Fue dicho. La Libertadores jugaba batallas. El Estudiantes de Osvaldo Zubeldía, con Carlos Bilardo en el medio, estudiaba vida privada de cada jugador rival, para ver cómo provocar alguna reacción. Nunca me quedó claro si Bilardo provocaba a Perfumo o a Cejas diciéndole que mientras él estaba ahí jugando, su señora estaba en lo del ginecólogo, como habían insistido en tono pícaro tantos llamados telefónicos de los días previos. Como fuere, porque era contra él, o porque él era el capitán y debía encargarse del honor de los compañeros, Perfumo, sin avisar, partió de una patada a Bilardo en mitad de cancha. Se echó solo. Nunca me quiso contar qué pasó. Perfumo mantenía códigos hasta después de tomar la cuarta copa de vino. Además, Roberto, pese a su pinta de galán, tampoco era inocente. Jugando para River, se lastimó el aductor y debía salir contra Cruzeiro por la Libertadores. Le dijo a Angel Labruna que esperara, que no hiciera el cambio. Le metió un cachetazo a Jairzinho, el mejor de ellos, y los dos se fueron expulsados. Ya comentarista, criticó a su admirado Juan Román Riquelme por haber reaccionado y provocar su expulsión después de que el jugador de Banfield, Santa Cruz, le metió un dedo en la cola. Peor aún.
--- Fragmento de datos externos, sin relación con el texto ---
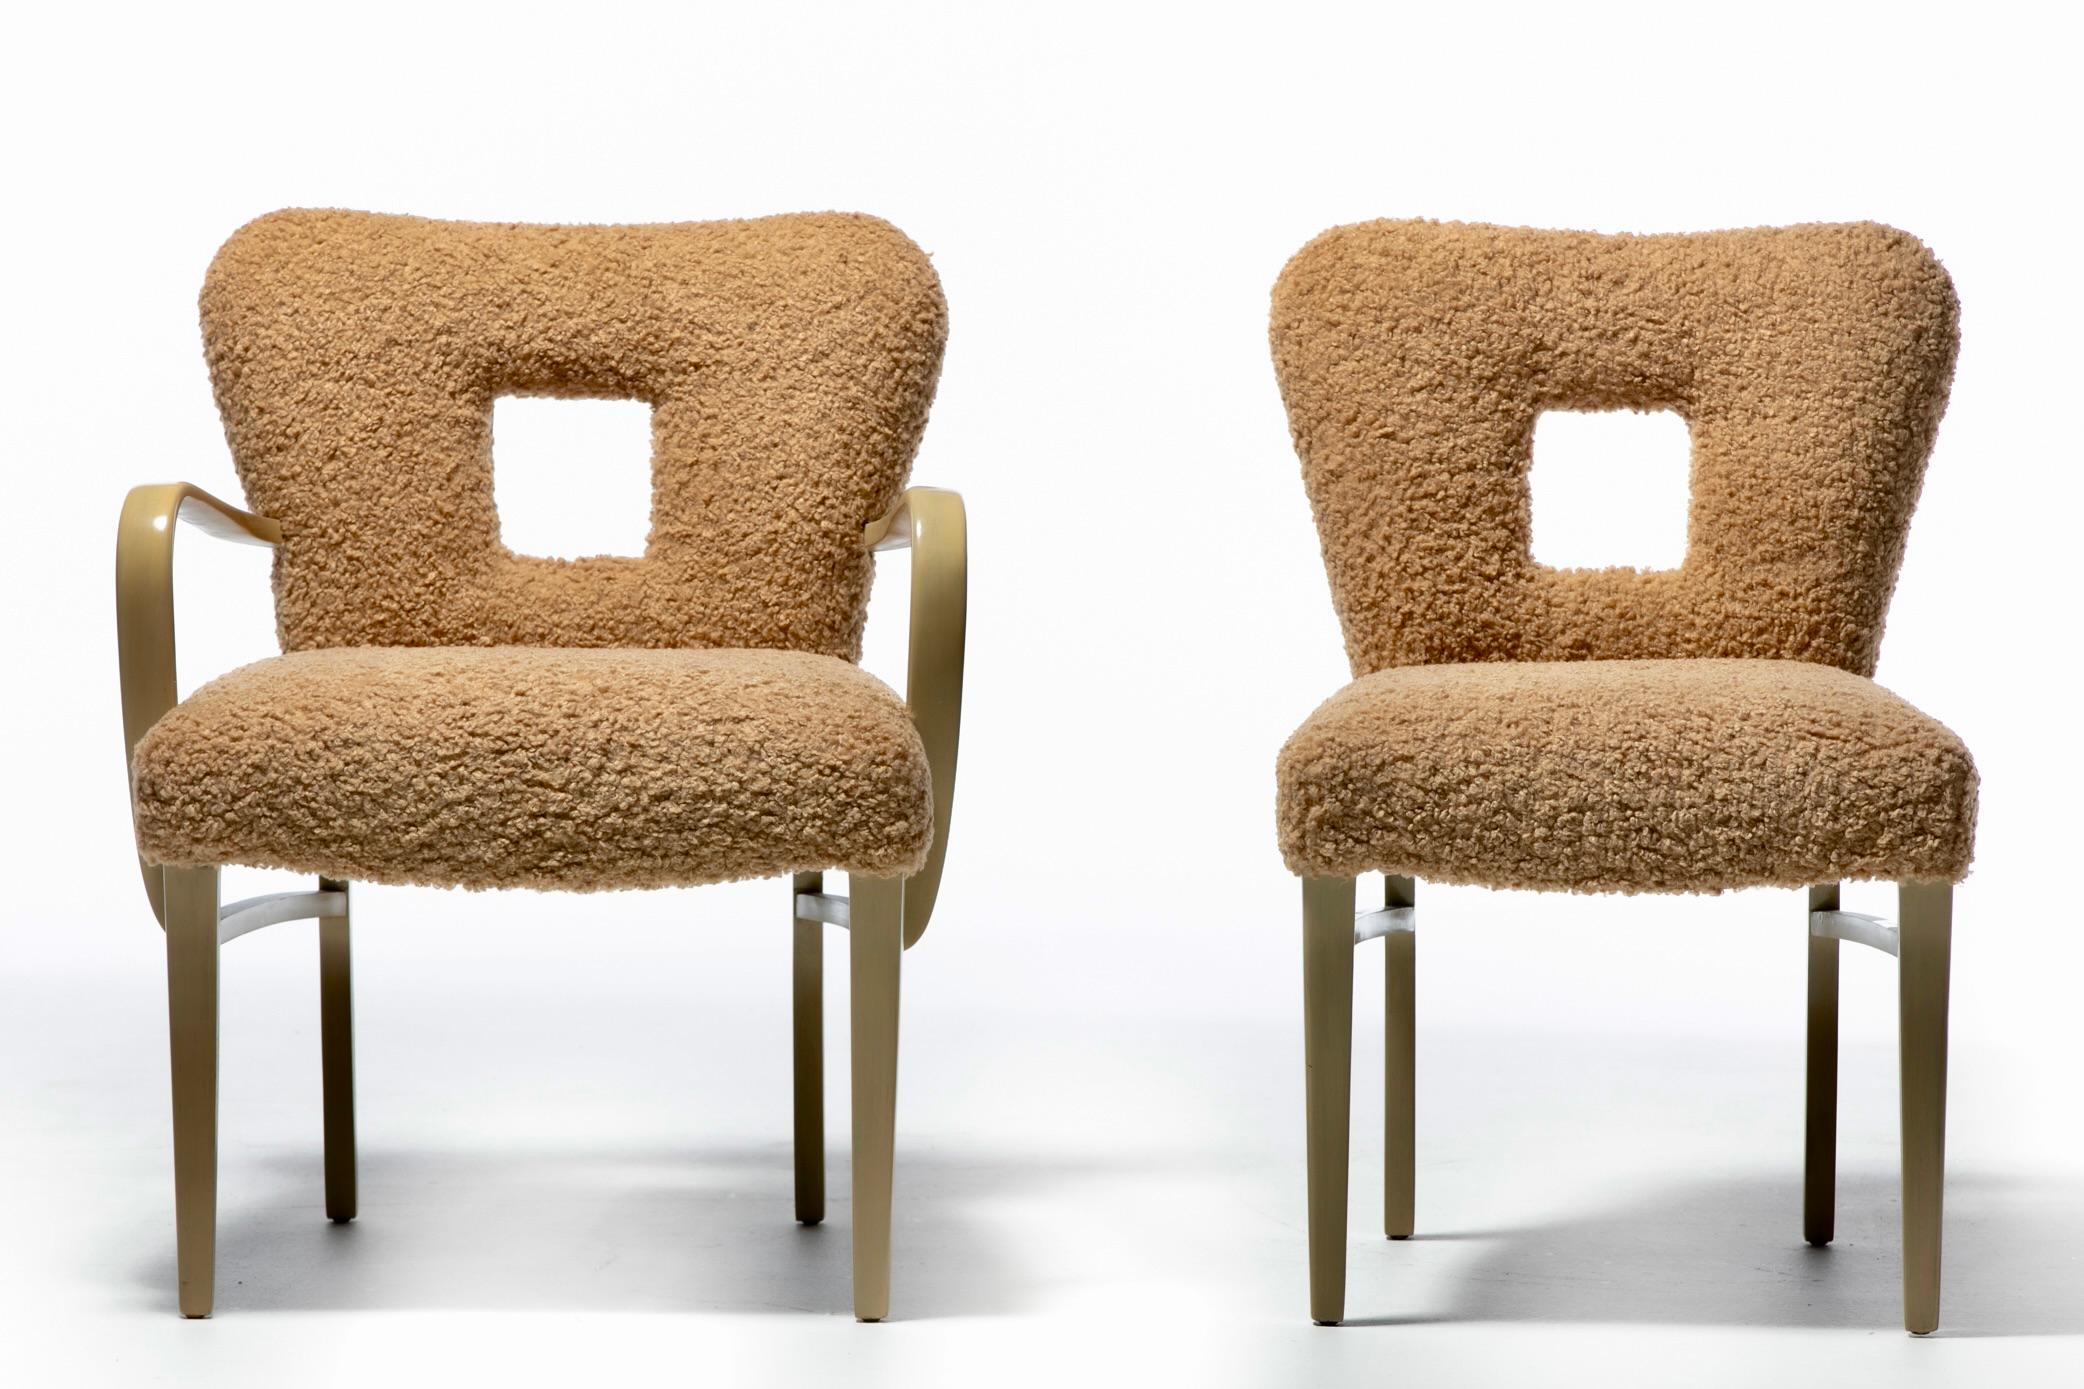 Eine ganz besondere und große ikonische Reihe von Mid Century Modern Dining Chairs, entworfen von einem der beliebtesten aller Paul Frankl vollständig restauriert von oben nach unten mit neu aufgearbeitet gebleichtem Mahagoni Rahmen und neue Kissen

Para provocar, Roberto dijo que Santa Cruz era su ídolo. “Ese es el fútbol –dijo una vez, y si no aceptamos el juego así, cagamos”.

No hay por qué suscribir o celebrar todas sus posturas. Hasta él mismo admitió que se equivocó cuando en 2003 aceptó ser Secretario de Deportes. Pero sí reconocer que Roberto fue símbolo como pocos del fútbol de su época. Si hasta no quiso contradecir a Diego Maradona con la famosa anécdota recordada en estos días sobre un supuesto golpazo que le dio al 10 en un partido River-Argentinos, para asustarlo un poco. En realidad, jamás se enfrentaron, pero Maradona lo contó con notable realismo y Roberto consintió. Como decía Paul Auster –intervino un lector admirador del Mariscal-: “esta historia tiene todas las características de la ficción, por lo tanto, debe ser cierta”. Perfumo, que en TV destacaba tanto la técnica como la personalidad del jugador, creía que la clave era jamás mostrar el miedo. Contó alguna vez el uruguayo Peta Ubiña, de Nacional, que cuando vieron a Perfumo con esa carita de pibe en plena guerra de Libertadores le dijo al Negro Montero Castillo que “a ese botija nos lo comemos crudo. Pero después él nos cagó a patadas a todos juntos”. Un hincha de Huracán le preguntó una vez si acaso Jorge Ginarte, zaguero de enorme calidad del Globito, no había sido mejor que él. “El problema –le respondió al hincha- es que a Ginarte no le tenían miedo”.

Roberto recordó alguna vez que hasta Mabel, su esposa, ligó sus reflejos de defensor rudo. Ya retirado, jugando en la playa con una pelota de plástico, Mabel se la pateó de atrás. Y Roberto giró y anticipó con patada y codazo. Contaba las anécdotas de modo delicioso. Riéndose de él mismo. Y hasta exagerando. Como cuando dijo en una larga entrevista a Clarín que él pegaba con el conocimiento del cirujano. Que pegaba para que al rival le doliera. O como cuando dijo que jamás sufrió tanto en una cancha como contra Holanda, el 0-4 del Mundial 74. “Eran tan rápidos que ni siquiera podíamos pegarles”. Y le pedía al arquero Andrés Carnevali que demorara cada saque de arco, porque, sino, “en vez de cuatro, nos hacen veinte”. Le pregunté una vez si acaso tenía sentido ejecutar los himnos nacionales antes de los partidos. “Sí, cuando juego para la selección siento que represento hasta al barrio”, me respondió Roberto, que nació en 1942 en Sarandí (allí jugó fútbol con un veterano Julio Grondona), en una casa sin luz ni agua. Se recibió de sicólogo social y encontró refugio en el periodismo. Nunca necesitó contar chistes ni chismes. “Hablemos de fútbol”, decía. Despedía con su “abrazo de gol”. Y siempre se lo devolvíamos.